別の方向へ娘さんを誘導するにはそう、弟くんも盗賊にしてしまえばいい。
それも、できるだけ凄腕の大泥棒に!!」
「ちょっと待てーーーー!!!」
シルクハットにステッキを持った気障な青年が、夜の闇をバックに不敵な笑顔を浮かべる映像を送られて、テリーは叫んだ。
ノブが弟の顔を知らないので似ても似つかないとはいえ、こんな風になってしまっては元も子もない。
「話聞いてた!?弟には盗賊になってほしくないって相談してんだけど!!」
ノブはまるで聞いていない風で、喫茶スペースに都合よく備え付けられているペンと紙を取り、弟宛ての返事を書きだす。
「拝啓。弟よ、盗賊を目指しているという旨を聞き、とても嬉しく思います。
兄は今、盗賊稼業がノリにノッており、誰ともなく呼びだした『三日月の鷹』の名前のもと、夜を駆け抜け至高のお宝を頂戴しています。
つい先日は悪の組織が主催しているオークションに仲間たちとともに乗り込み、呪われたピンクダイヤモンドを巡って悪党、警察と大立ち回りを―――」
「やめろぉ!!そういうの憧れる年頃だから信じて真に受けちゃう!!
卒業文集に『夢は世界一の大泥棒』とか書いちゃう!!」
慌てて止めようとするテリーの背に、ヴェンガルが抱きついて締め技をかける。
短い手足から想像もできないほどの強い力で身動き一つできず、テリーは虚しく叫ぶしかない。

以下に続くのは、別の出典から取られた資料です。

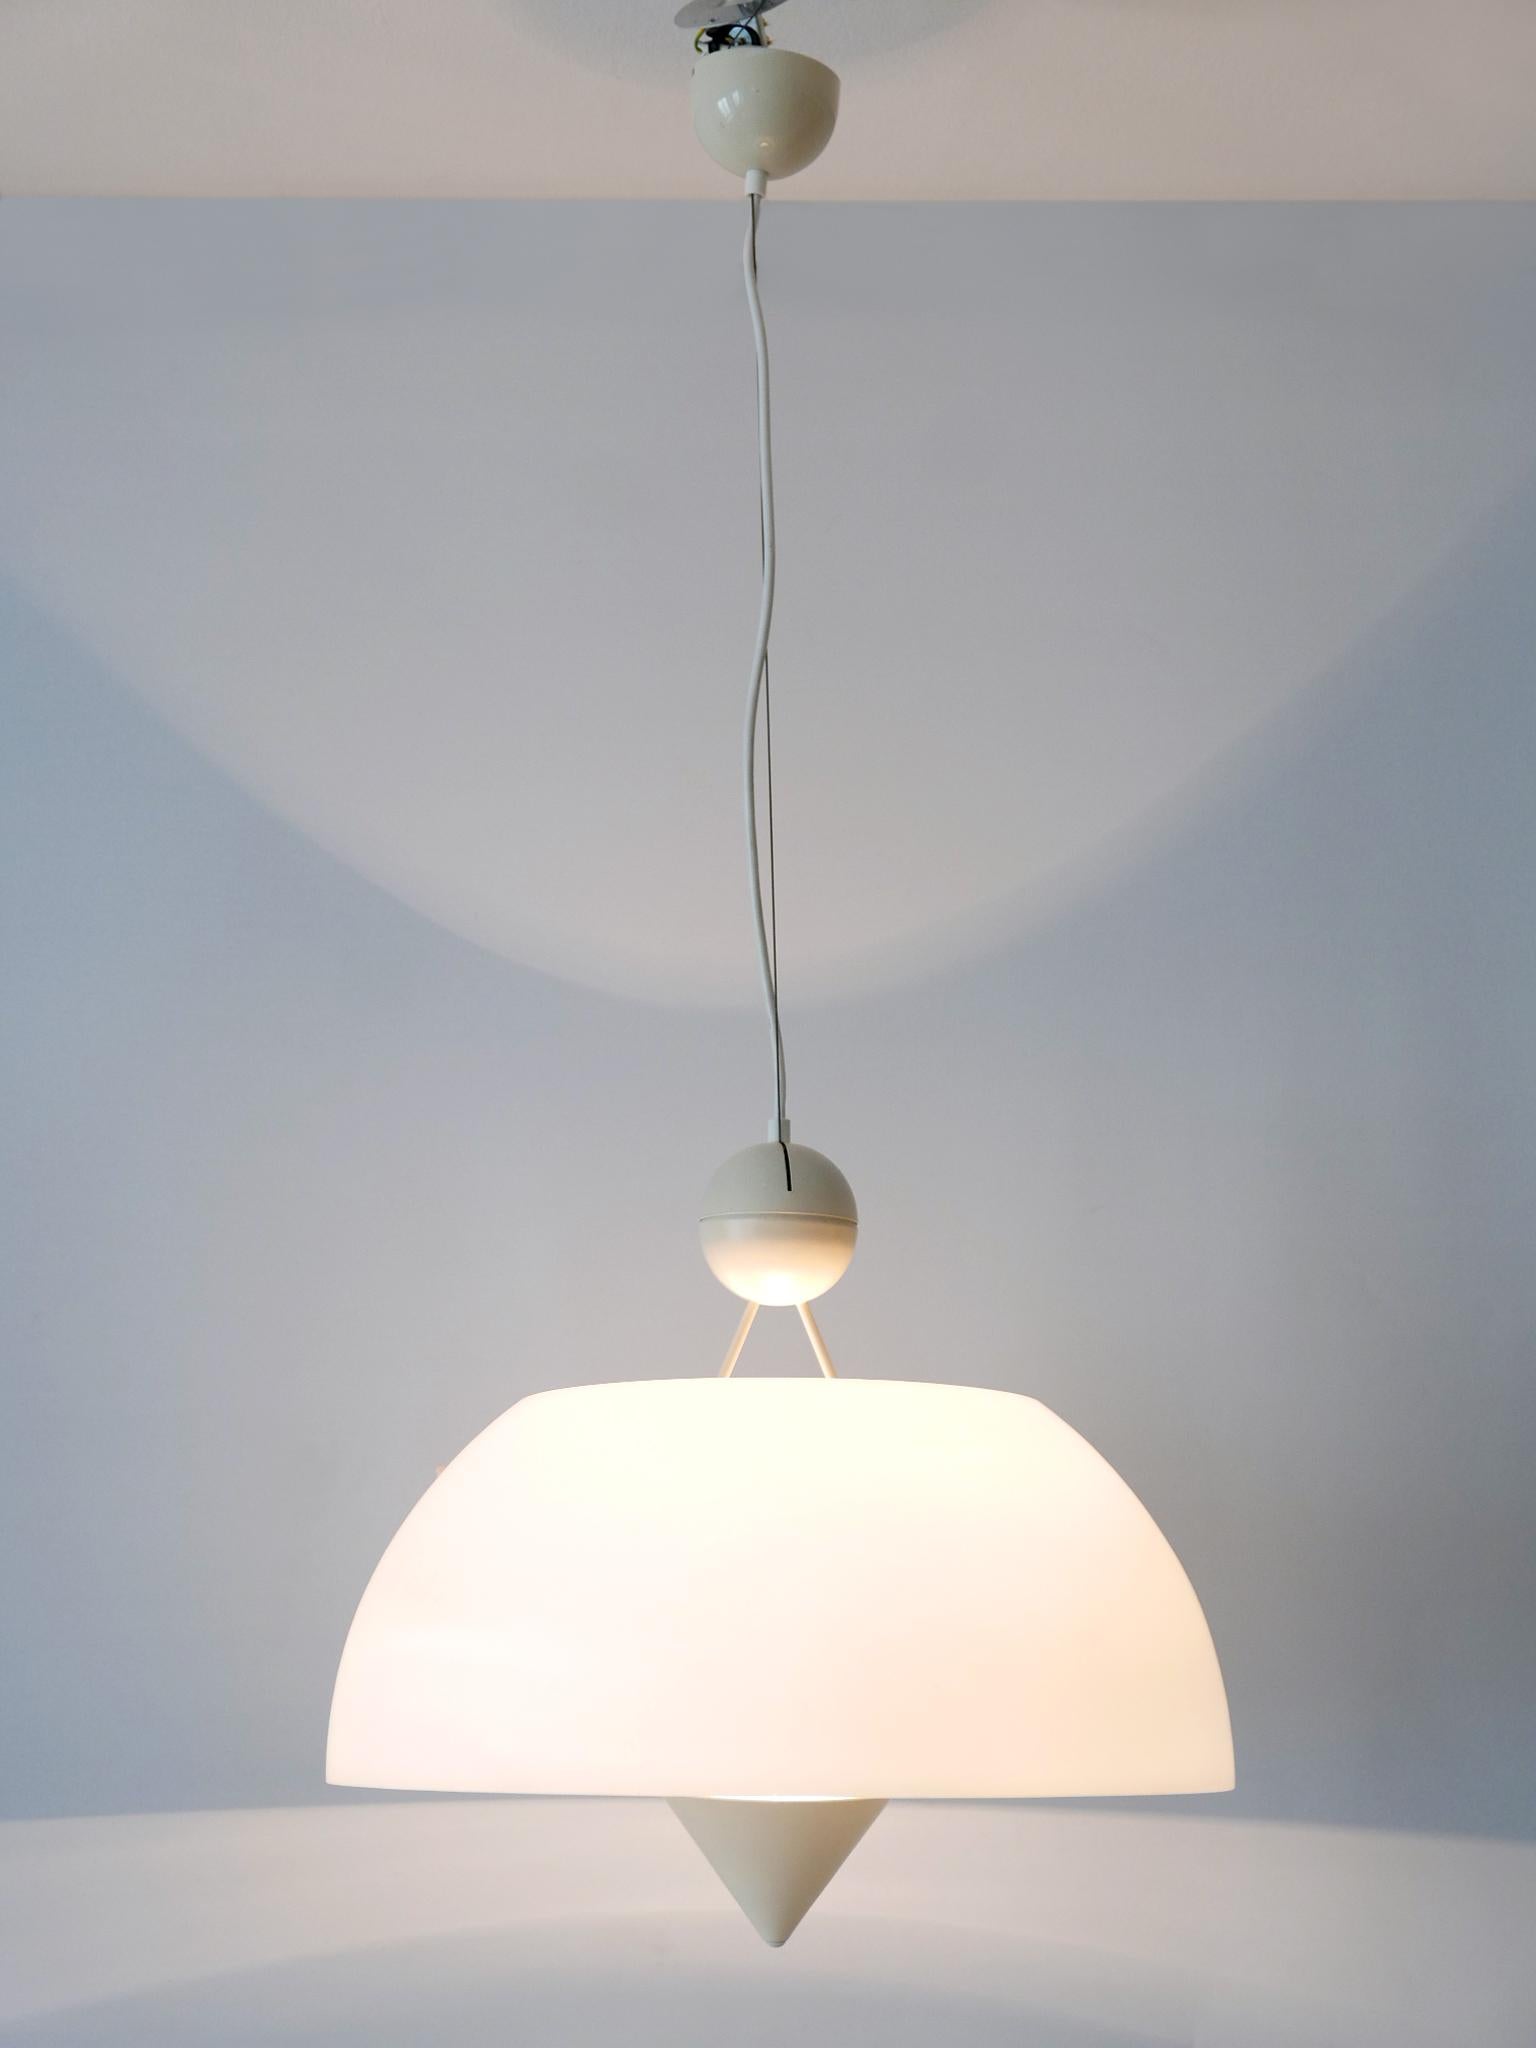 Rare & Elegant Mid-Century Modern Pendant Lamp or Hanging Light Italy 1970s In Good Condition For Sale In Munich, DE
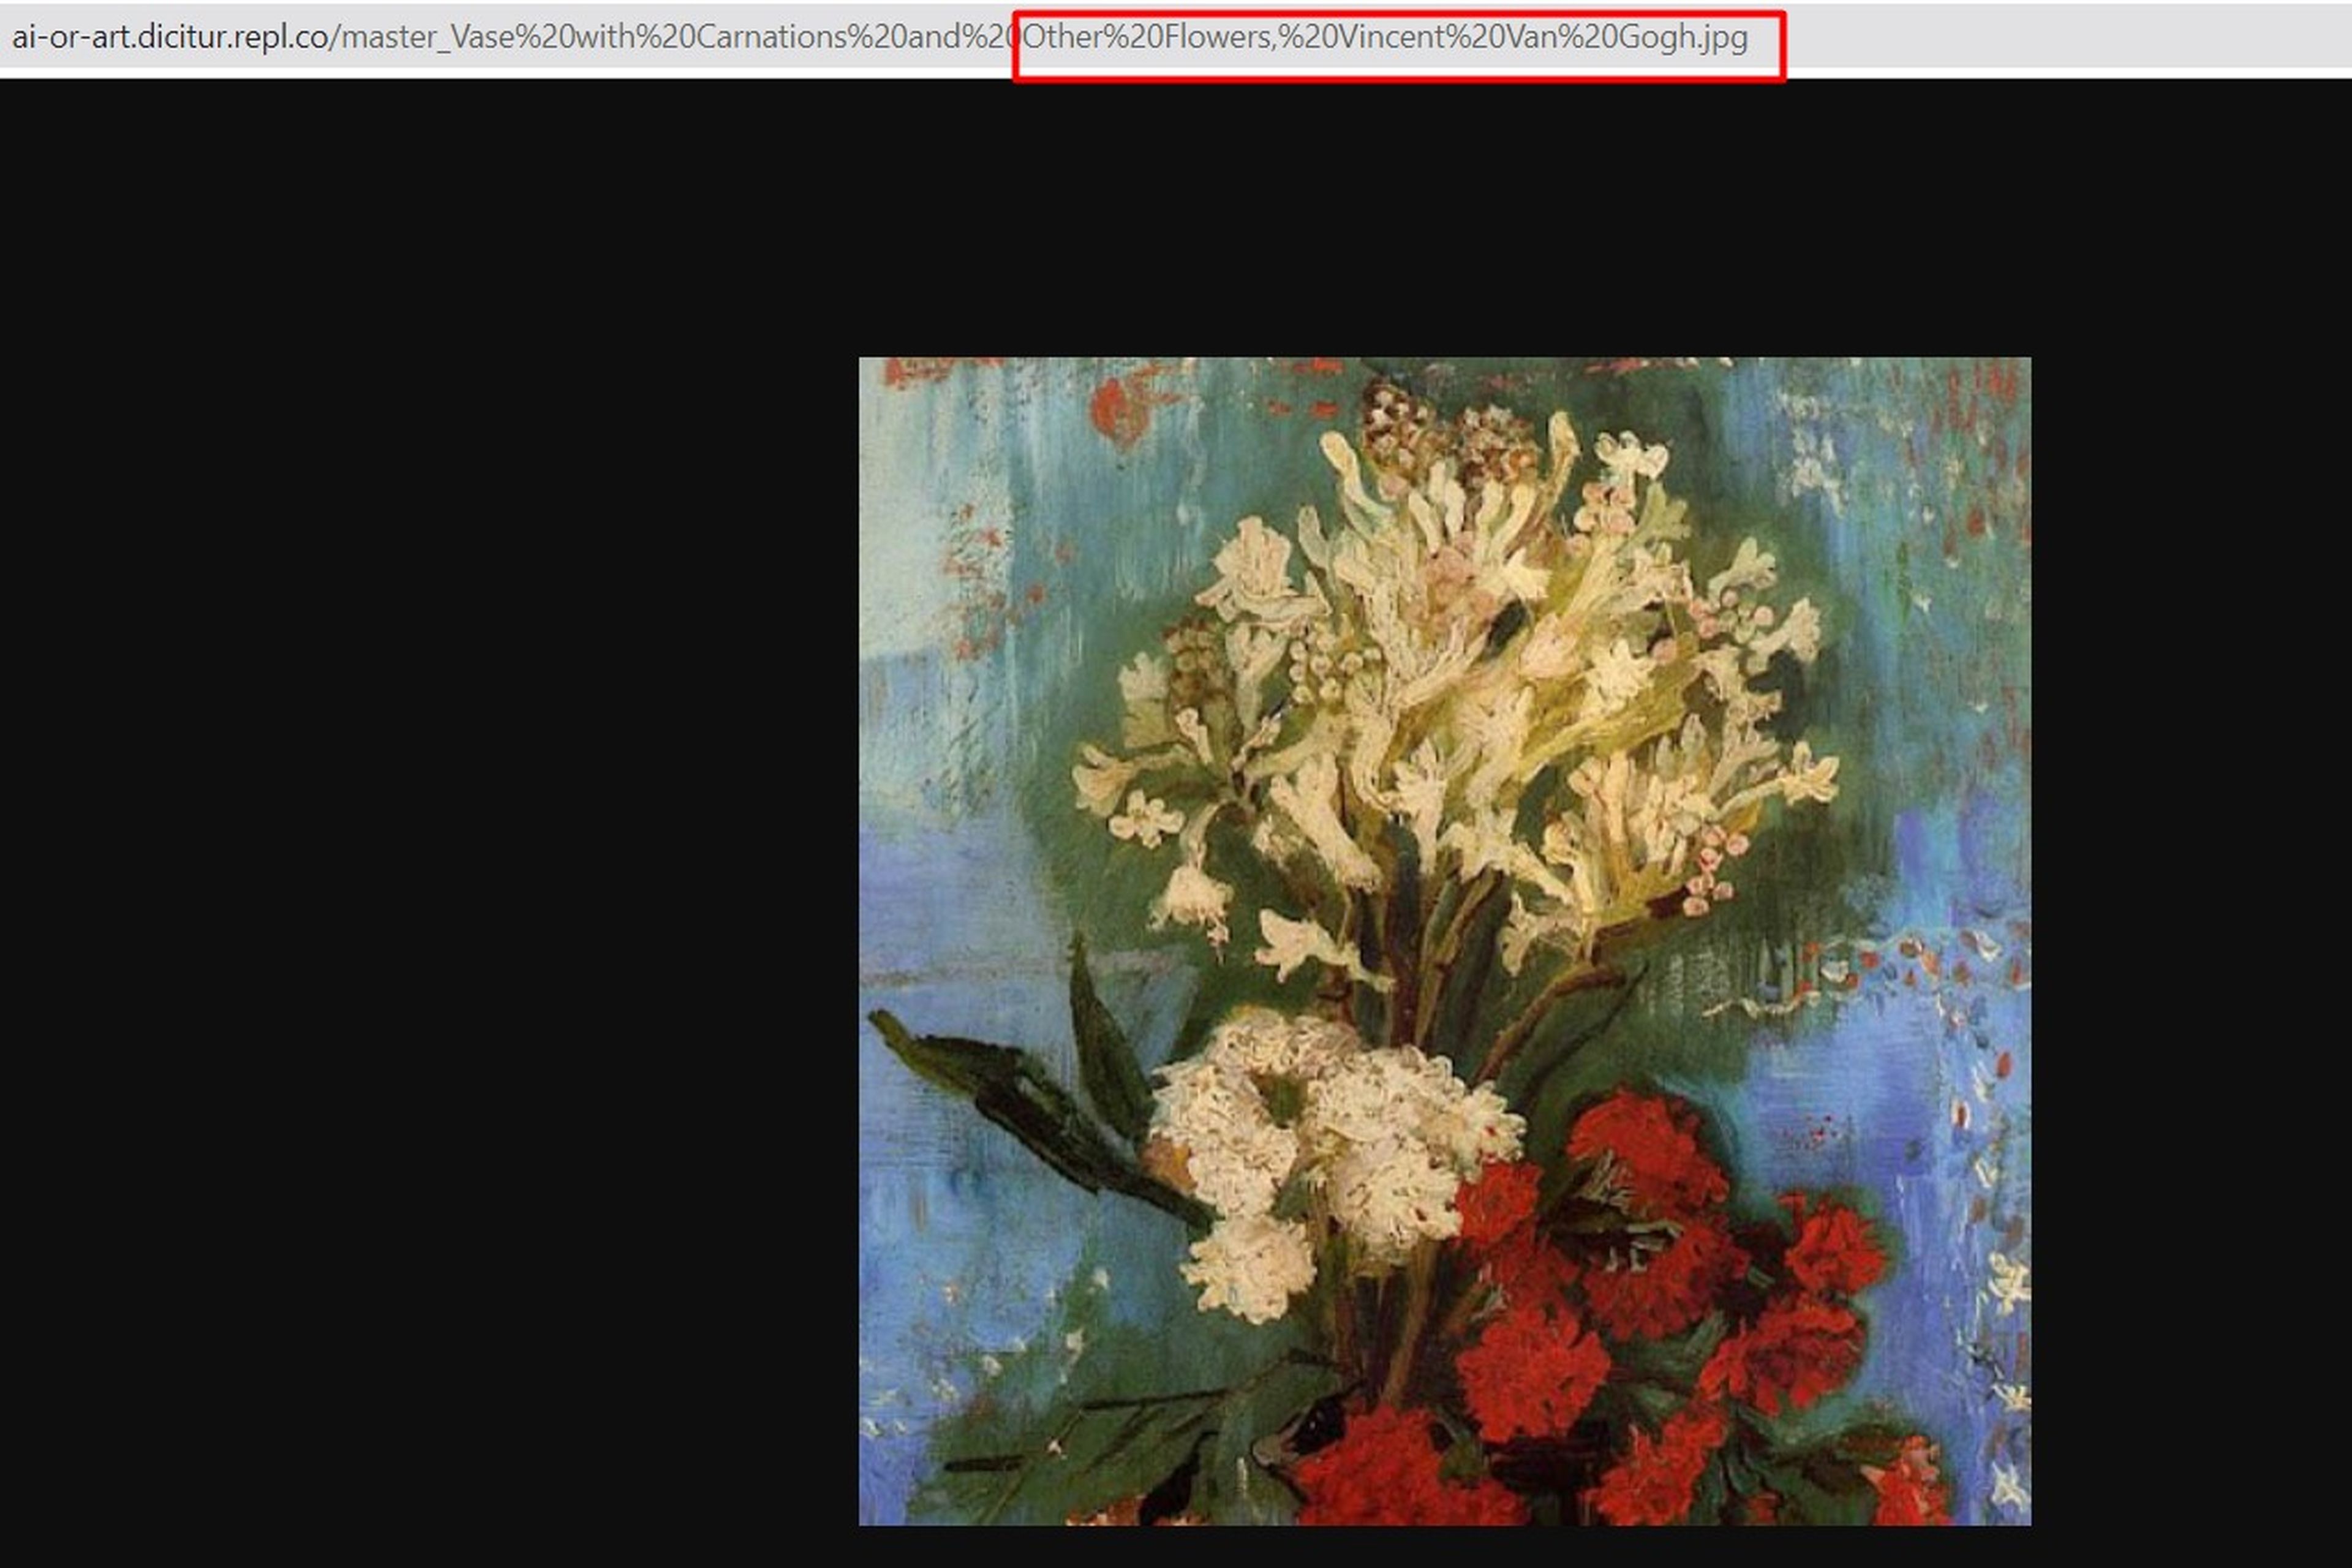 Real or AI artwork: can you tell the difference?  test yourself with this website

「ノブ!!昨日のデス・ビジョンの内容からして気になってたけど、お前アレだぞ!!中2病!!」
背中に取りついているヴェンガルが、フッとニヒルに笑う気配。
「男はみんな心の中に少年がいるもんだ」
シャカシャカとペンを走らせながら、ノブも頷く。
「先輩の言う通り。その少年が持っている魔法の絵筆で、瞳に映る世界を彩色してくれるから、この世は美しく見えてるんだ。
少年を追い出してしまえば、灰色の世界に取り残された可哀想な大人がひとり増えるのさ」
「あんたらどうかしてるよ!!」
とは言い返したものの、
「……その少年、俺の心の中にもいるけどな!!」
わかってしまう自分が悲しいテリーである。
「まあ、そう熱くなるな。ここは一つ、ポジティブに考えてみろよ」
『ぼくのかんがえたさいきょうのとうぞくテリー』の設定を盛りに盛った手紙を書き終えると、ノブは顔を上げてテリーのほうを見る。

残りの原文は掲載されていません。